The starting lineup was Anderson (left end), T. Brown (left tackle), Metzger (left guard), Morgan (center), Steagal (right guard), Freeland (right tackle), E. Brown (right end), Robins (quarterback), K. Morrison (left halfback), Neely (right halfback), Williams (fullback).

| Team | 1 | 2 | 3 | 4 | Total |
|---|---|---|---|---|---|
| Tennessee | 0 | 0 | 0 | 0 | 0 |
| • Vanderbilt | 0 | 6 | 6 | 6 | 18 |

===Yale===

- Sources:

October 22 brought the highlight of the year: a scoreless tie with the defending national champion, coach Ted Coy's Yale Bulldogs. It was the first time Yale had been held scoreless at home, and the south's first great showing against an Eastern power.

The game was played in a pouring rain. One account reads "Four times brilliant rushes around end by Capt.
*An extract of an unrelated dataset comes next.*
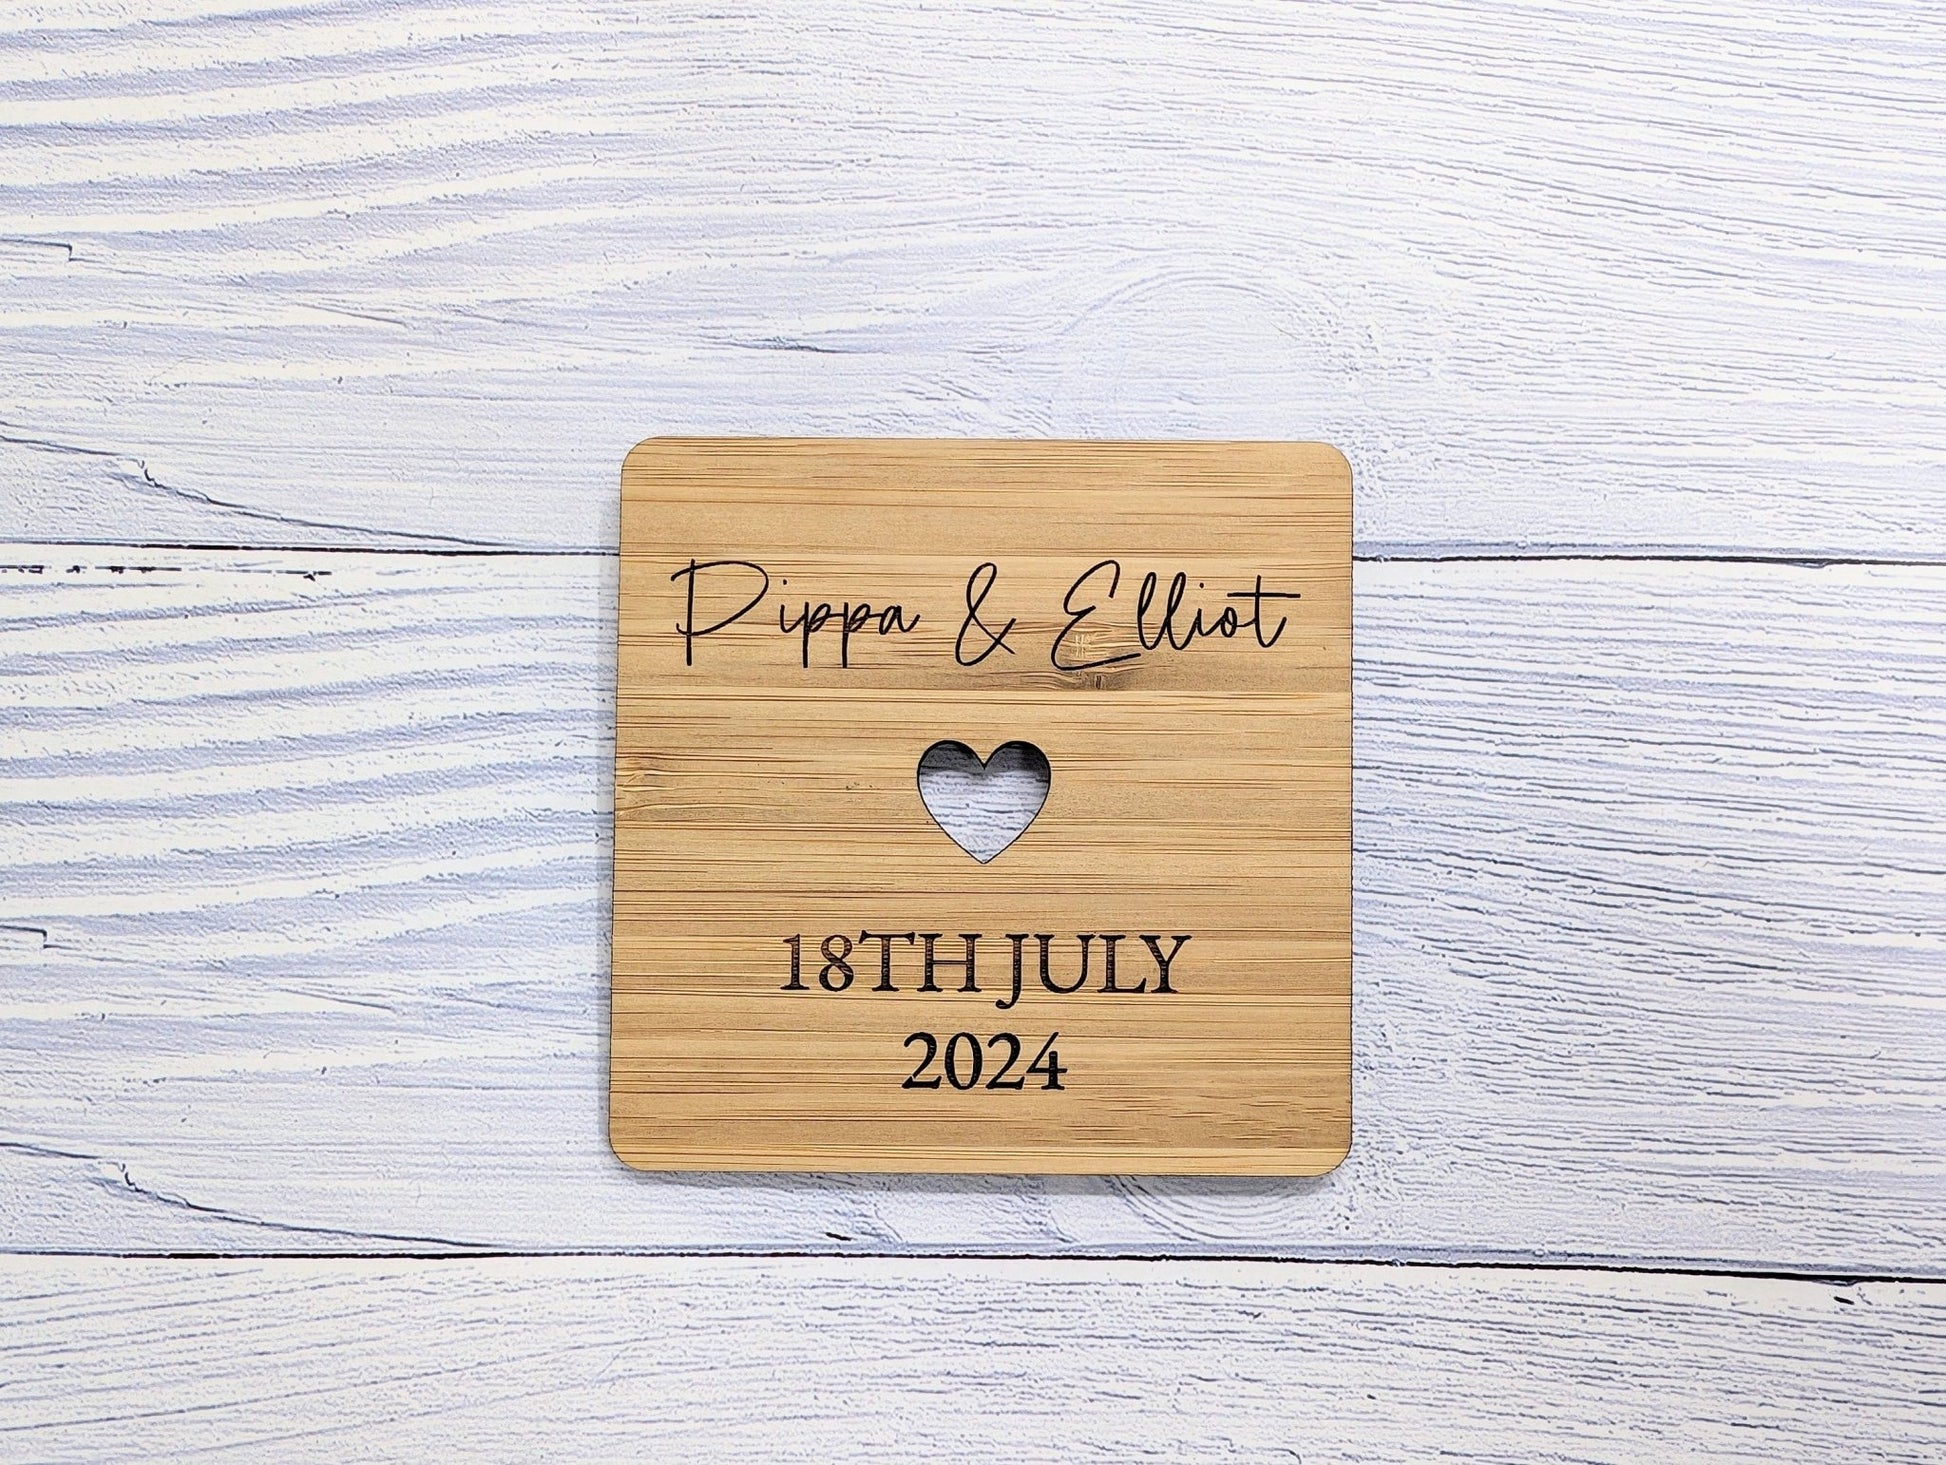 Personalised Bamboo Wedding Coasters - Customizable with Names, Date & Heart Design, 90mm x 90mm, Unique Wedding Favors - CherryGroveCraft

Neely brought the ball well into Yale territory, only to be lost because of penalties against the visitors. Vanderbilt did not substitute a single player."

Neely, recalling the game said "The score tells the story a good deal better than I can. All I want to say is that I never saw a football team fight any harder at every point that Vanderbilt fought today – line, ends, and backfield. We went in to give Yale the best we had and I think we about did it."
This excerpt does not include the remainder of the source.